─── Supplied information ───
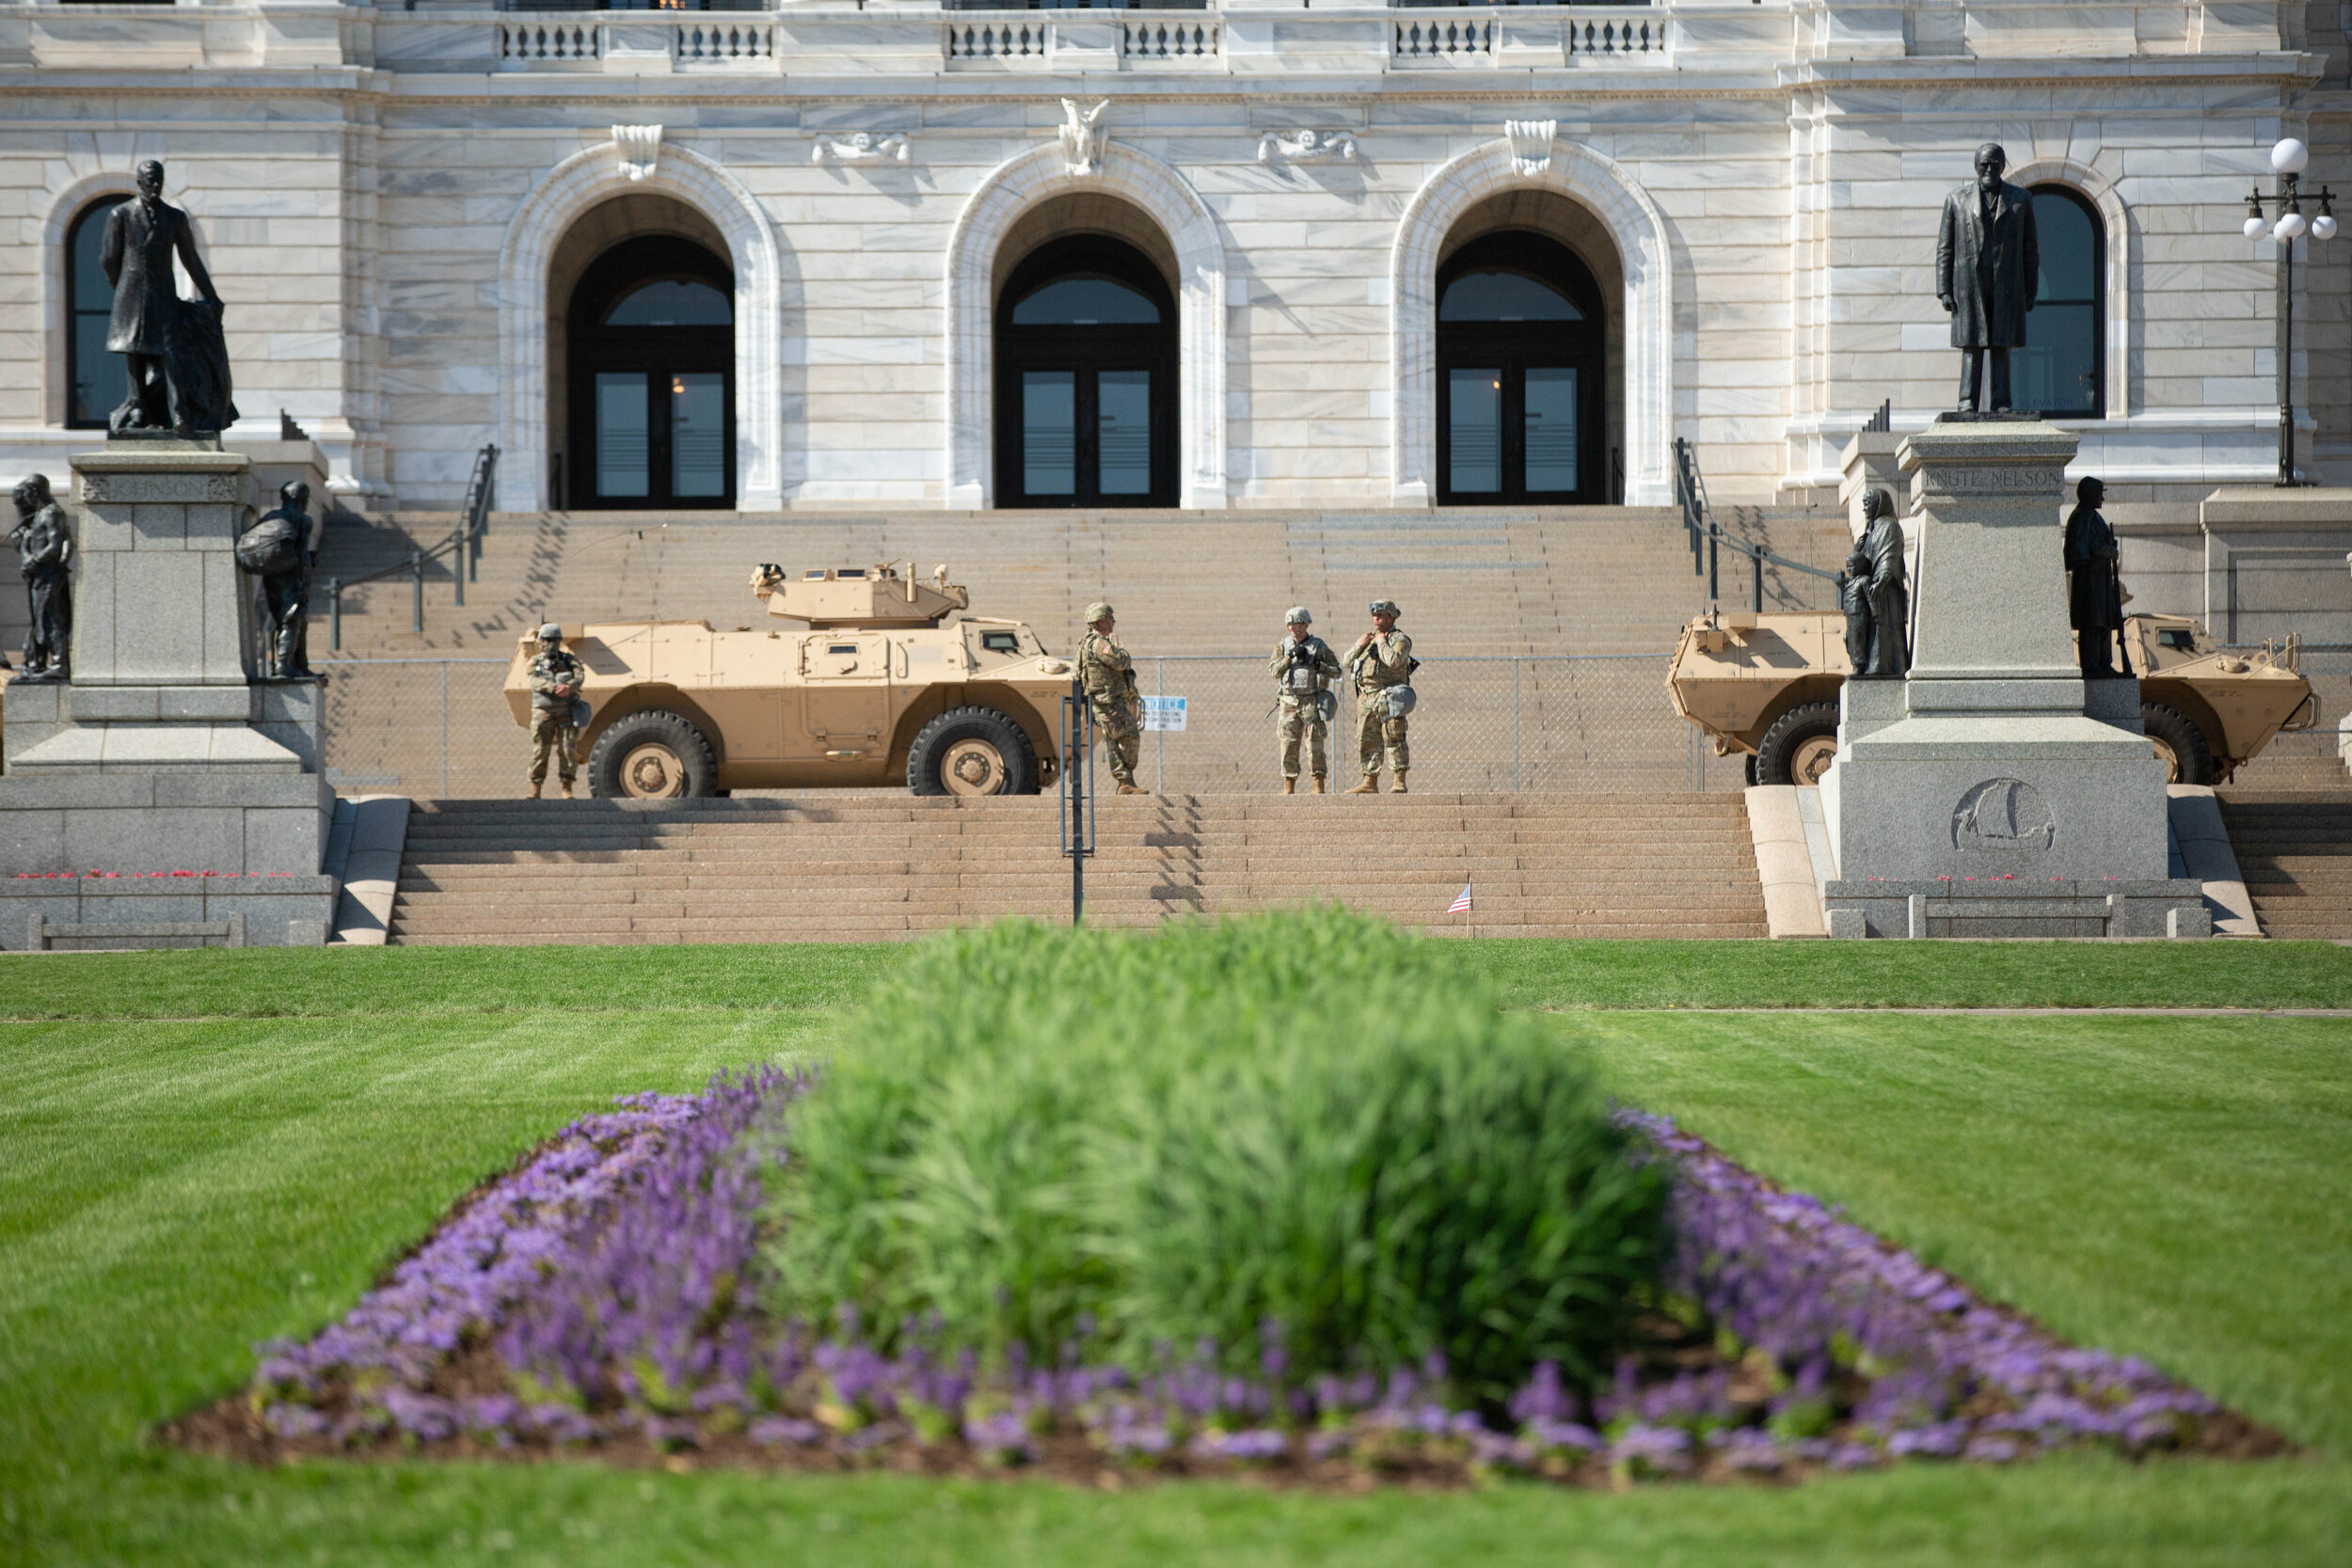  A blooming flower bed sits in front of Minnesota State Capitol as the National Guard set up armored vehicles and soldiers on the steps of the Captiol building in Saint Paul, Minnesota on June 1, 2020. Chris Juhn/Zenger 
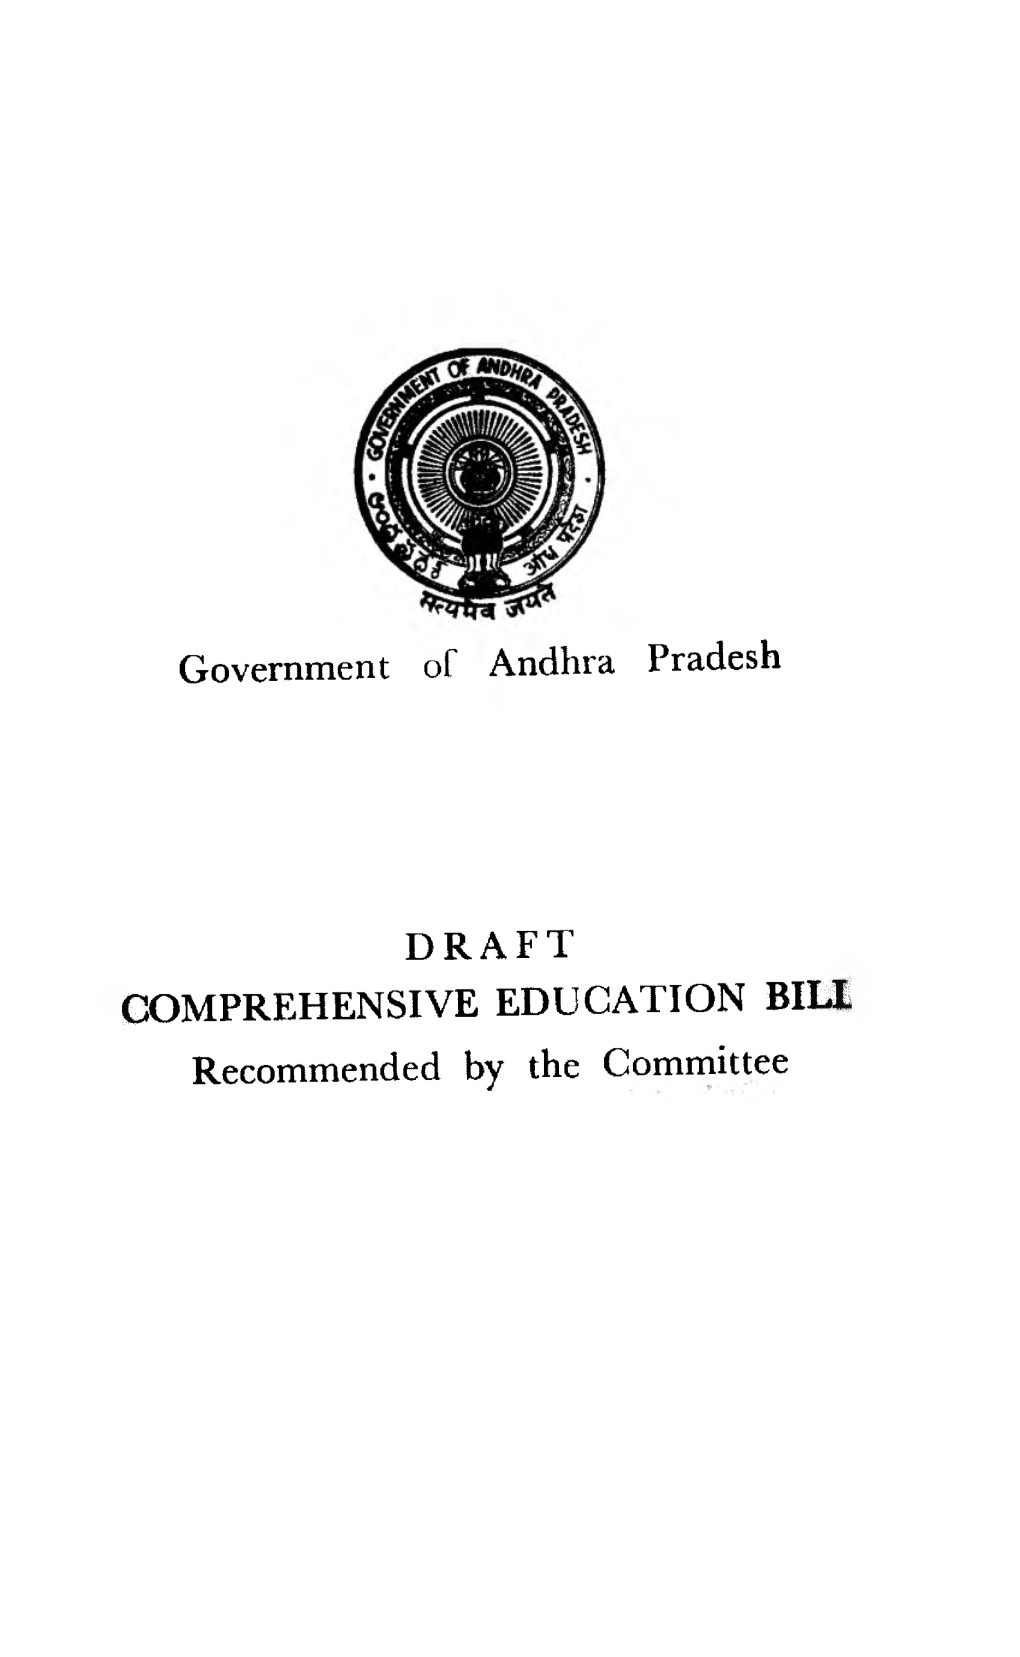 Government of Andhra Pradesh DRAFT COMPREHENSIVE EDUCATION BILL Recommended by the Committee
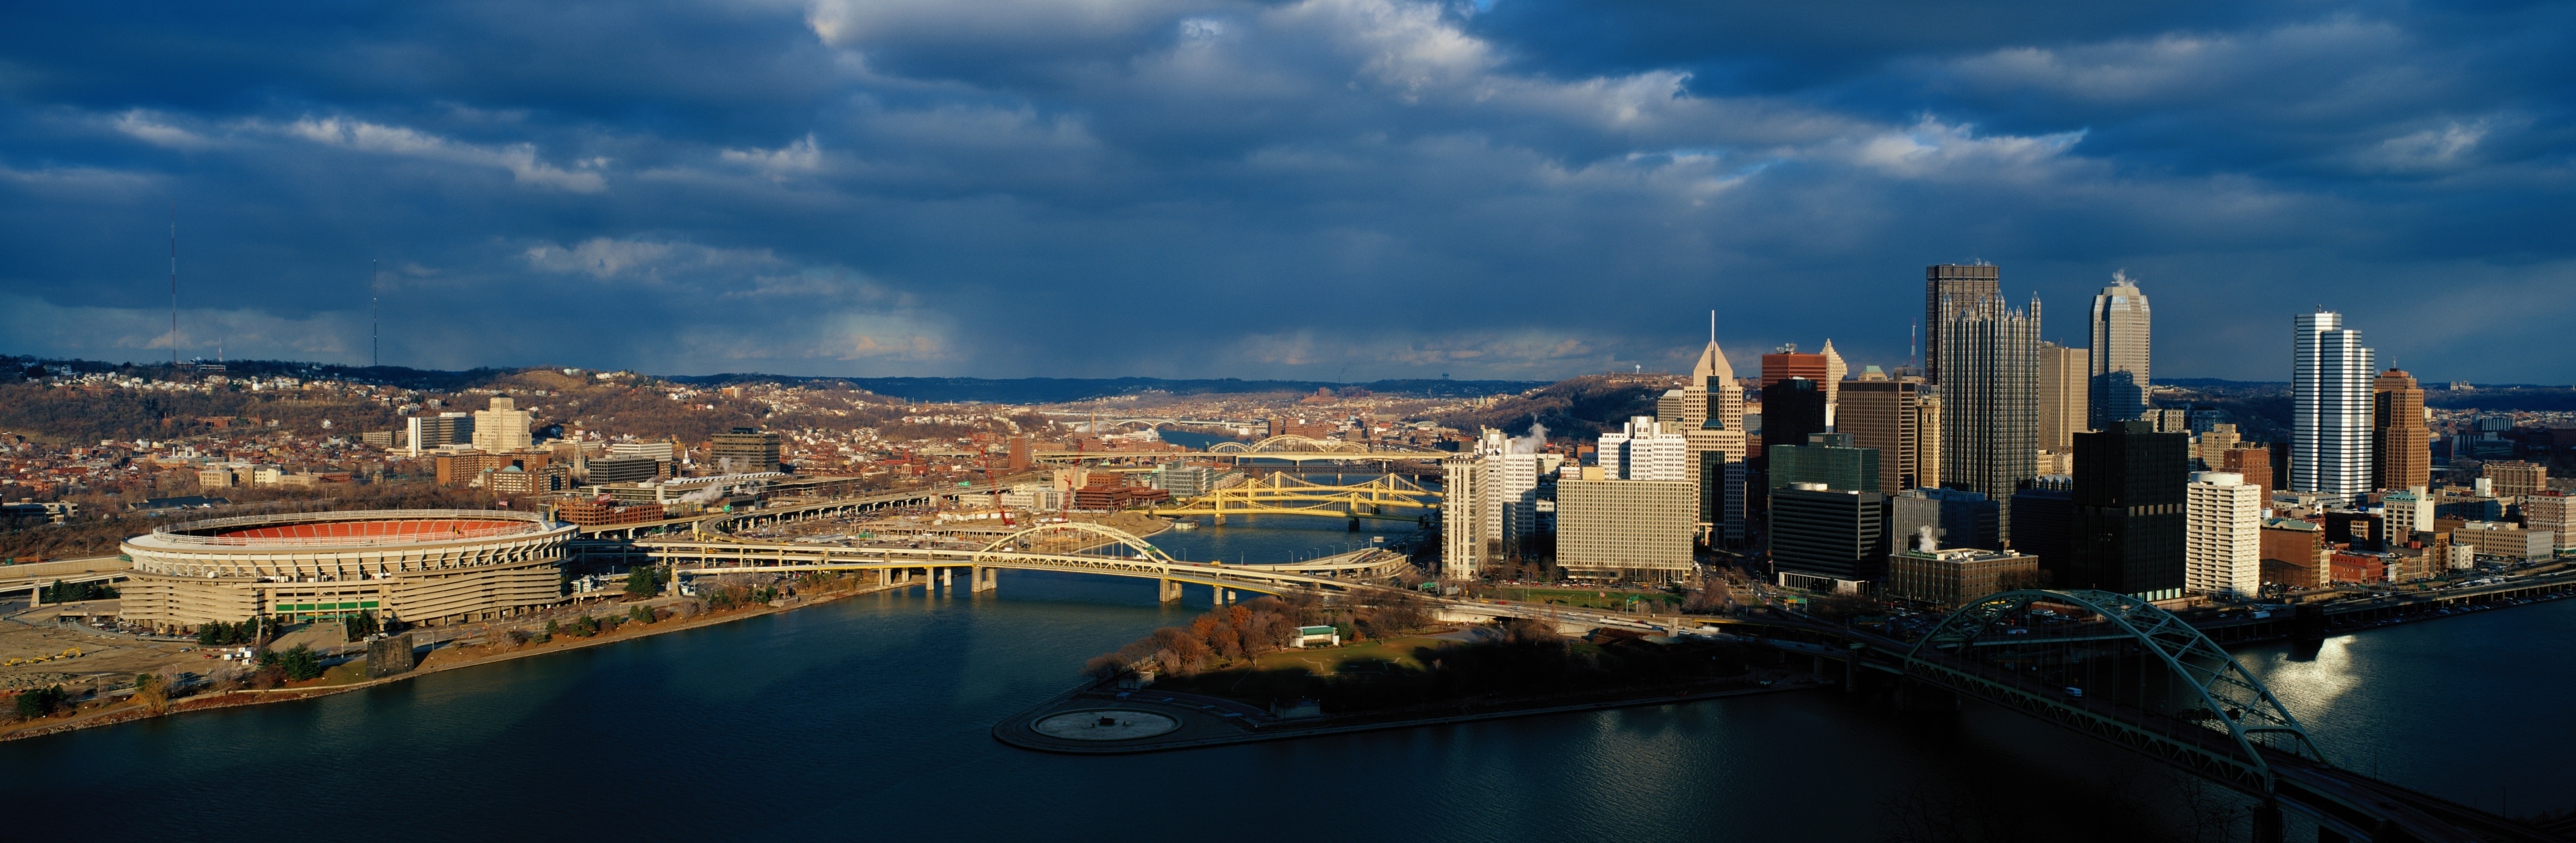 What to know about Pittsburgh, Insider's guide, Travel tips, Go Guides recommendation, 3840x1260 Dual Screen Desktop
───
### Work to complete
Reproduce, word for word, the lines from the one containing "Government of Andhra" to the end of the material, both ends included. No picture is copied.

### Finished exercise
 Government of Andhra Pradesh DRAFT COMPREHENSIVE EDUCATION BILL Recommended by the Committee
 What to know about Pittsburgh, Insider's guide, Travel tips, Go Guides recommendation, 3840x1260 Dual Screen Desktop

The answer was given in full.